What a Particle Accelerator Revealed in Solid-State Batteries

Fast-moving X-ray beams offer a window into solid-state battery failure mechanisms.

Tech Insights Nov 18, 2024 by Shannon Cuthrell

Oak Ridge National Laboratory (ORNL) is testing a solid-state battery formulation by running it through a high-energy particle accelerator to reveal potential failure mechanisms. These insights will inform the development of longer-lasting sodium electrolytes to support the renewable energy transition.

ORNL’s battery transfers sodium ions through a compact solid electrolyte, unlike conventional lithium-ion batteries that store and discharge energy with a liquid or gel electrolyte.
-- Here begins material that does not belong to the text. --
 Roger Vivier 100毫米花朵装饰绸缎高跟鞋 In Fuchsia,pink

Sodium-metal solid-state batteries offer higher energy density, safer thermal management, and a longer cycle life than their lithium-based counterparts. Sodium (Na) electrolytes also unlock 15% higher conductivity and 14% higher diffusivity, with better ion transport properties.
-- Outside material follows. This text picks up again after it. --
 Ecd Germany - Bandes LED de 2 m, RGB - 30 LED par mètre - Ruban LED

The ORNL researchers selected Na superionic conductor (NaSICON) materials for their solid-state battery. NaSICONs have a crystalline structure with two Na sites for efficient ion transport. These materials offer increased room-temperature ionic conductivity and electrochemical stability—two essential advantages for energy storage applications.
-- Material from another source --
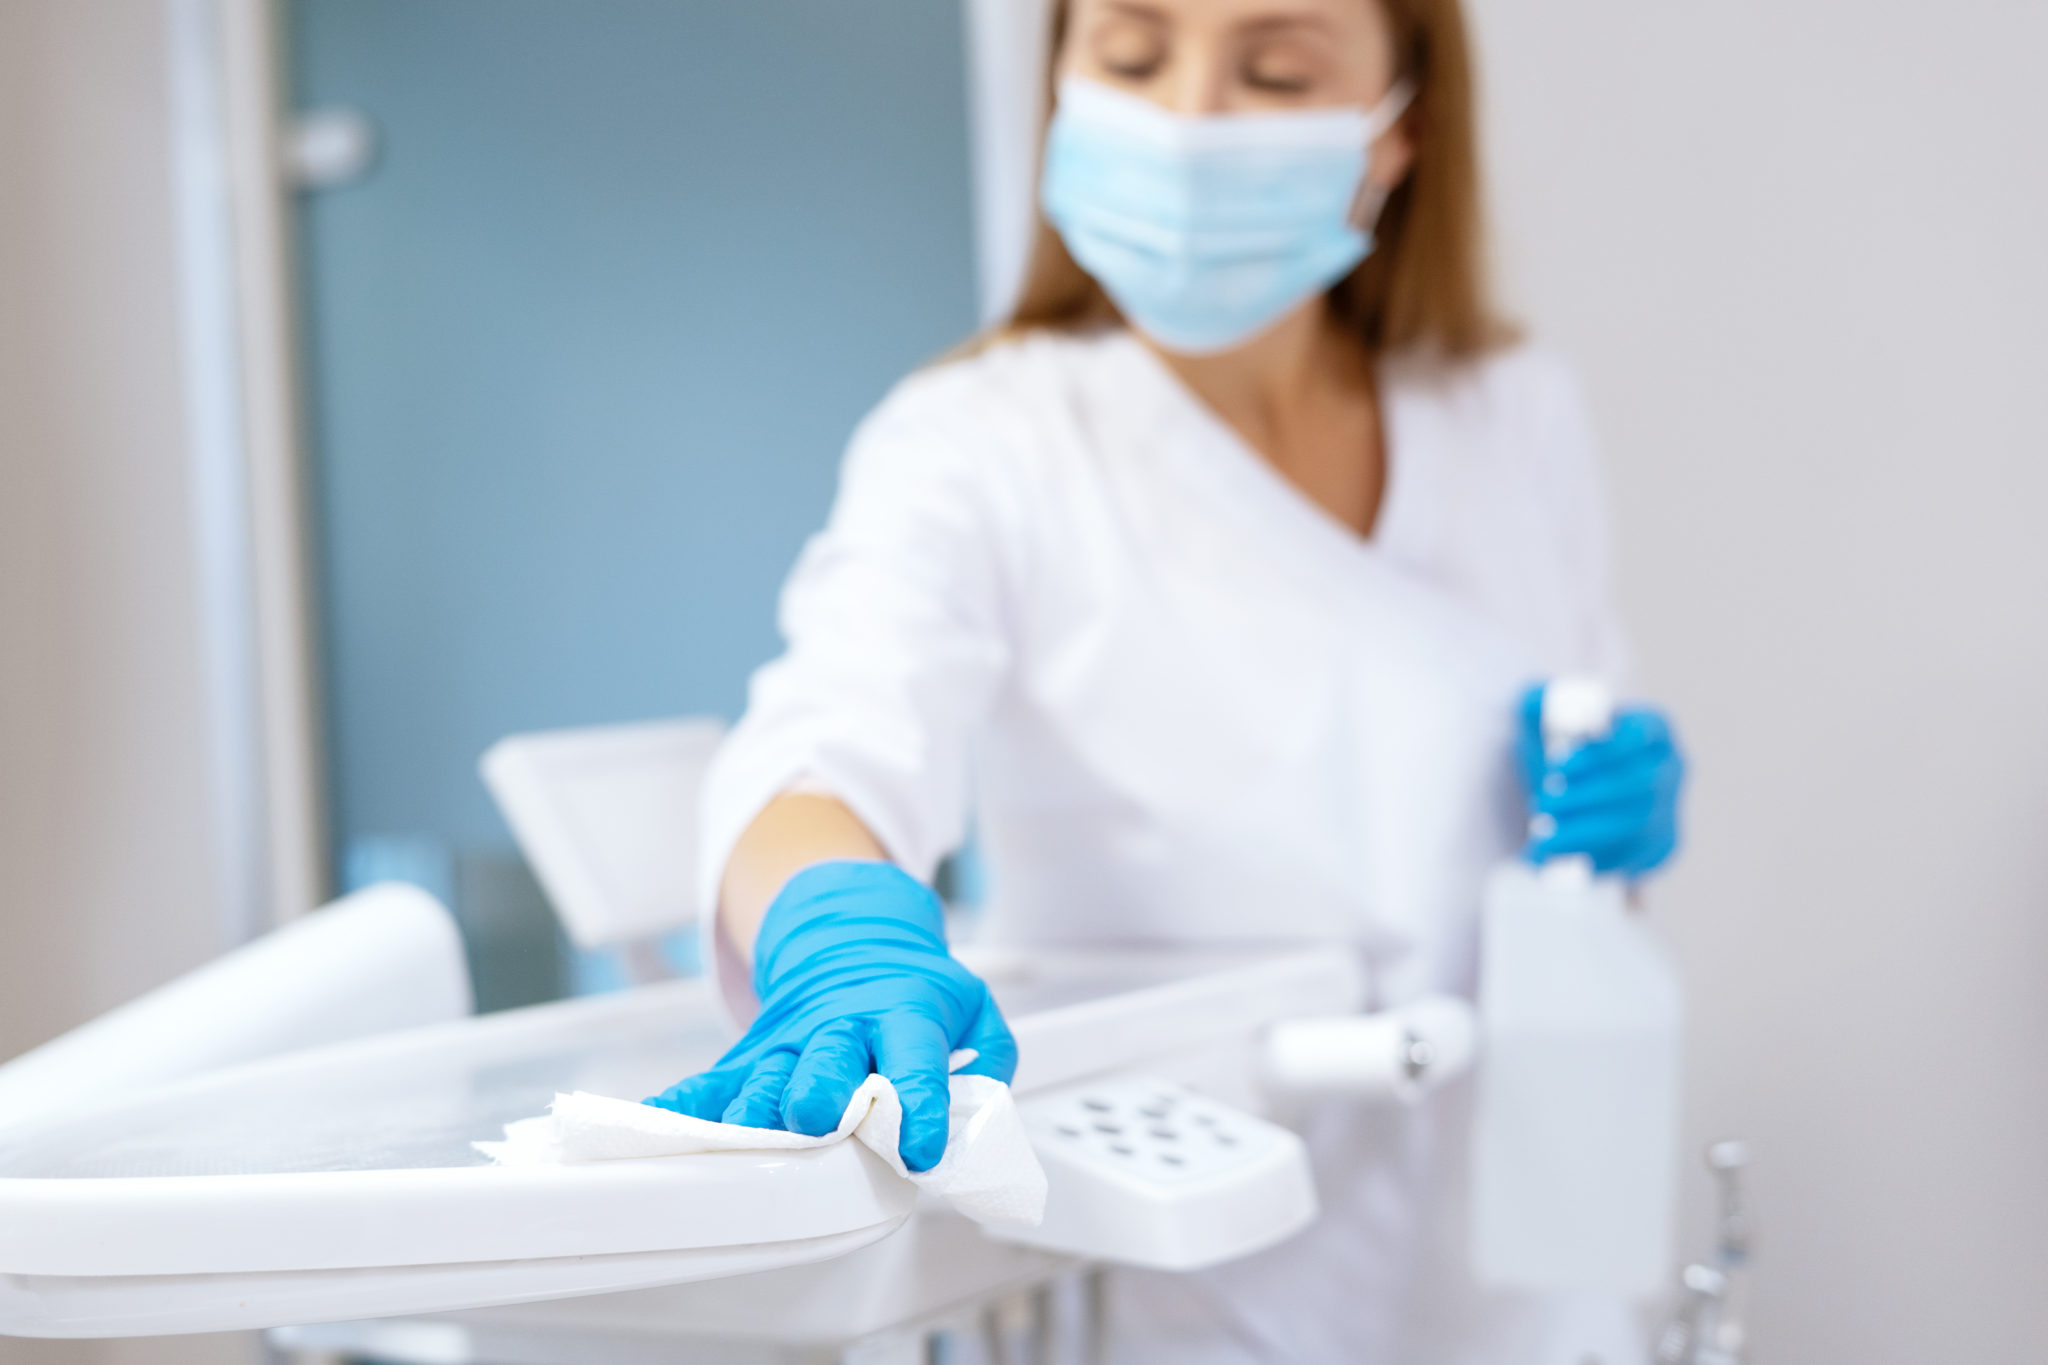 Dentist Sanitizing Equipment
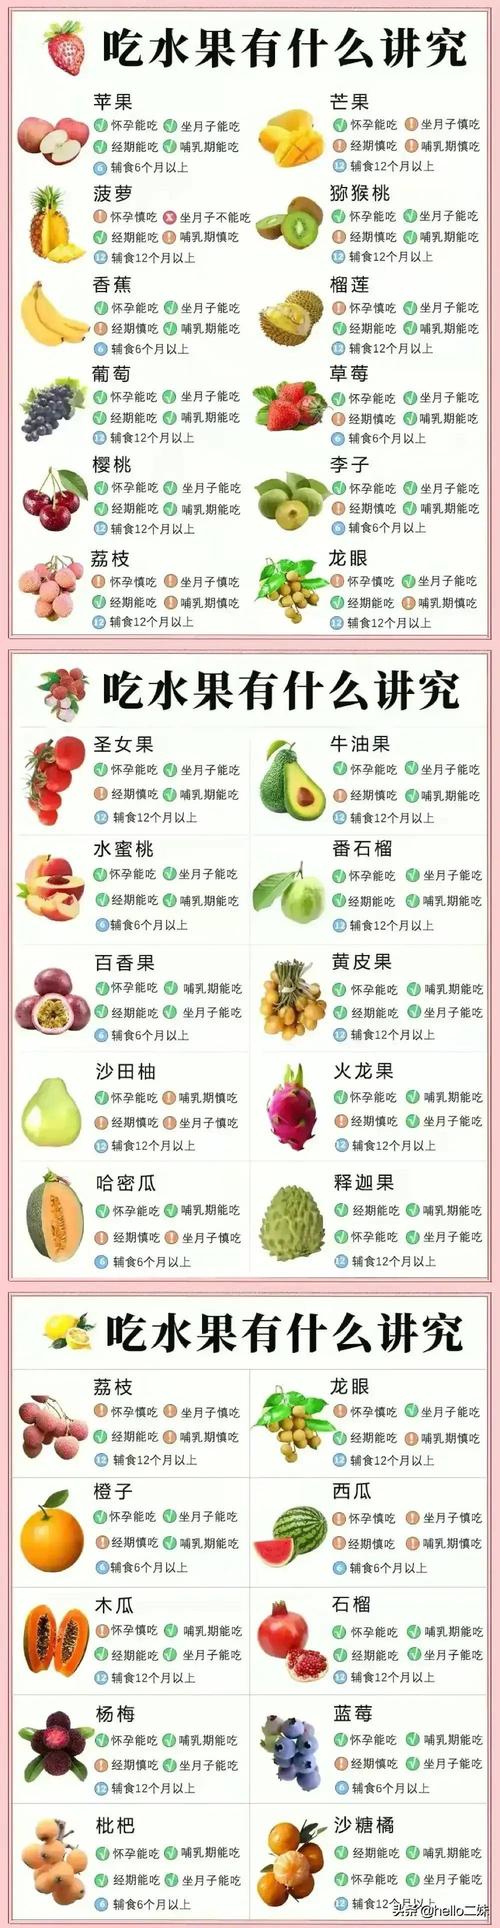 水果的种类的相关图片

Experiments at Argonne National Laboratory’s Illinois-based Advanced Photon Source facility unlocked an atomic-level view of the battery’s internal mechanics. The facility hosts X-ray light sources that send electrons through a storage ring traveling near the speed of light.

ORNL’s battery manufacturing facility. Image used courtesy of ORNL

A Highly Conductive Solid-State Battery

In previous research, the ORNL team aimed to boost NaSICON materials’ ionic stability and conductivity through doping, composite anode design, and interface regulation. They developed a Na symmetric cell featuring a titanium-doped Na₃Zr₂Si₂PO₁₂ (Ti-NZSP) solid electrolyte. An Advanced Science study last year demonstrated the battery’s improved surface stability, ionic conductivity, and critical current density.

The team selected a Na hard carbon configuration for the battery’s anode compartment, introducing tailored dopants into the NaSICON-type NZSP solid electrolyte membrane. TiO₂ doping provided a more densely packed pellet with a distributed porous structure to support improved ionic conductivity and critical current density. Tests also demonstrated stable cycling performance, offering reversible capacities based on various Na storage mechanisms.

“A” illustrates dopants’ role in ORNL’s sodium battery. “B” and “C” show top-down and cross-sectional views of the NZSP pellet. “D” shows aluminum distribution within the Al-NZSP structure. “E” and “F” depict the pristine aluminum-NZSP. “G” maps Ti distribution within the Ti-NZSP, while “H” and “I” display the pristine Ti-NZSP material. Image used courtesy of Li et al. (Figure 1)

For the next research phase, the team needed to understand how their solid electrolyte might fail in high-demand conditions, such as aggravated plating/stripping. This required inducing high currents and voltages under an X-ray beam using Advanced Photon Source’s synchrotron tomography tools.

Failure Mechanisms in Solid-State Electrolytes

The ORNL researchers wanted to study the inner workings of their battery to identify solutions for limiting Na dendrite formation and integrity issues.

The Advanced Photon Source particle accelerator. Image used courtesy of Argonne National Laboratory

Argonne’s Advanced Photon Source is equipped with operando synchrotron X-ray imaging systems that monitor phase changes during heating, giving researchers a unique window into potential failure mechanisms, dendrite growth, and pore-filling issues in solid-state electrolytes.

Experiments under demanding operational conditions revealed ions depositing in pores on the Ti-NZSP-doped electrolyte, forming structures that could cause short circuits. More specifically, the cell failure mechanism involves a less reversible Na pore filling that generates dead deposits and, thus, cell shorting.